すべてtoo much、たとえばババロワ出身と思われるAugustus君とその母、US代表ゲーム・オタの破壊MIke君達は極限までカリカチュア化されている。デップの作りすぎメイクはロックスター、マリリン・メンソンをモデルにしたそうであるよ。
ちょっとチンタラ長かったけどOompas-Loompasクローンのミュージカル仕込みシーンは抱腹絶倒。 とっても貧乏だが何故かとっても性格の良いチャーリー君の母親を演じるのはHelena Bonham Carter、ティム・バートンの奥さんです。かわいい女性ですねえ。
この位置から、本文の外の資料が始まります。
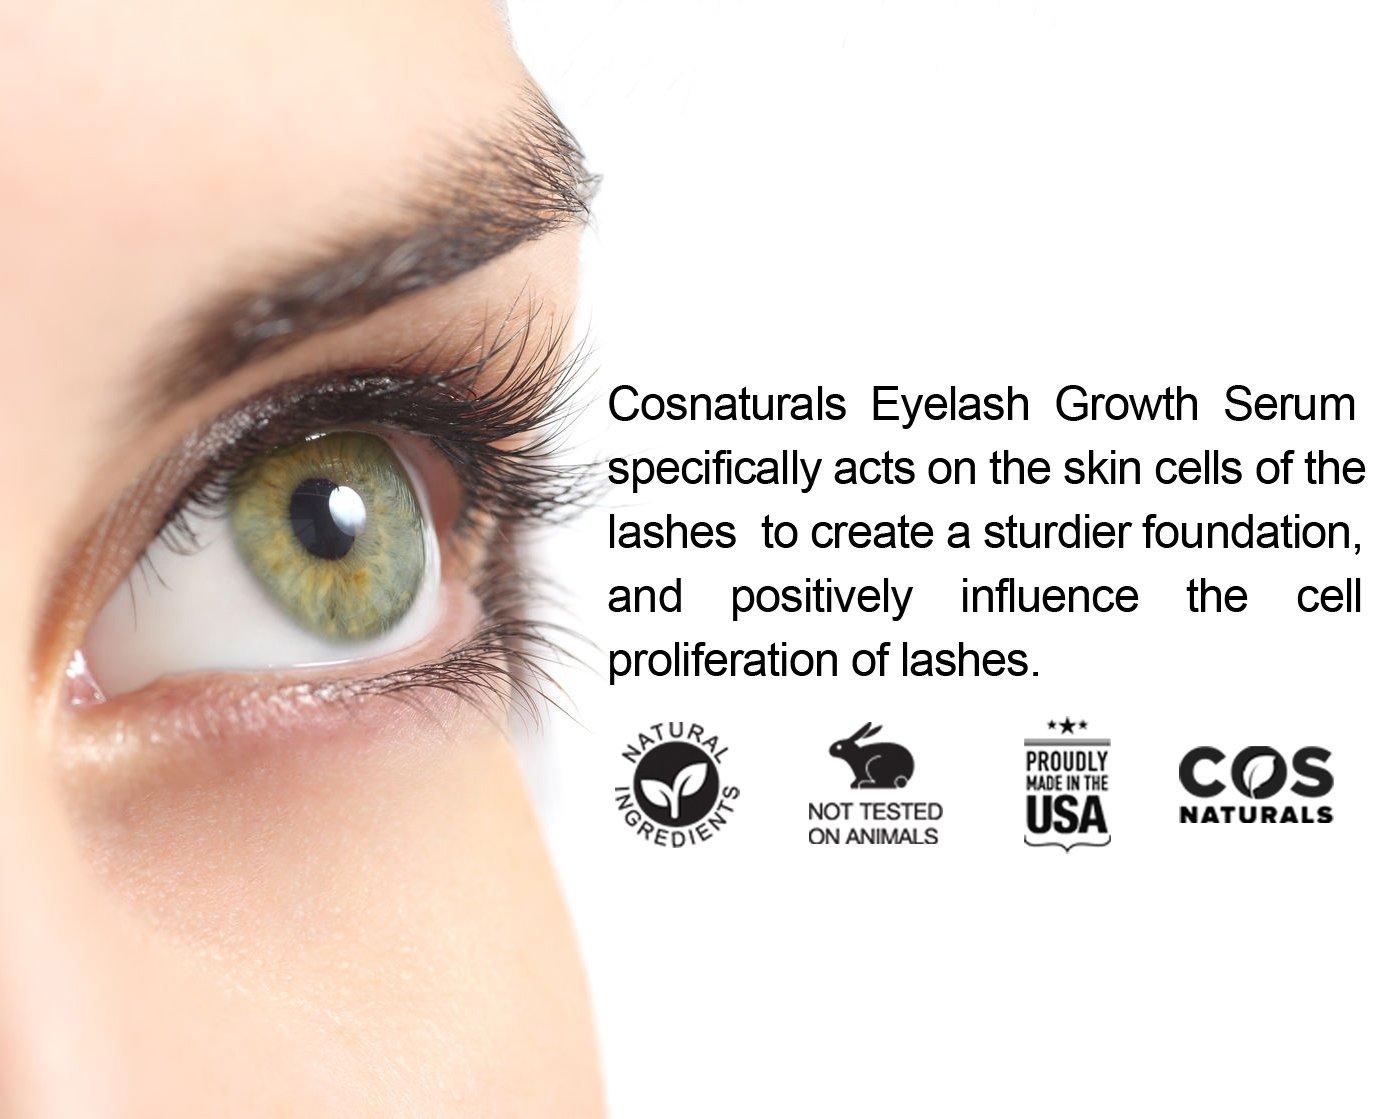 bf1b687acae Amazon.com: COS Naturals Eyelash Growth Serum PEPTIDE LASH Natural Regrowth  Plant Stem Cells Enhancing Treatment For Longer Fuller Eyelashes Thicker ...

MGMの水泳レヴュー映画や、2001年、マトリックス、スター・ウォーズとかからのパクリも多く、年寄りでも子供でなくても楽しめます。(追記:子供にはこの映画、毒が強すぎない?とか思ったけど今の子供は対毒抵抗力は強く、つまりさらに強いインパクトを欲しているという事実はあるわけですねえ。)
空間移動エレベーターは“ハウルの動く城”だろうな、と思う。工場のゴチック度もそうかな。 しかし、ティム・バートンが抱えている“空白を許容できない”創作精神状態はすごい。“ウィリ・ウォンカ”のテーマ・ソングはいまだに私の頭を去ってくれないのである。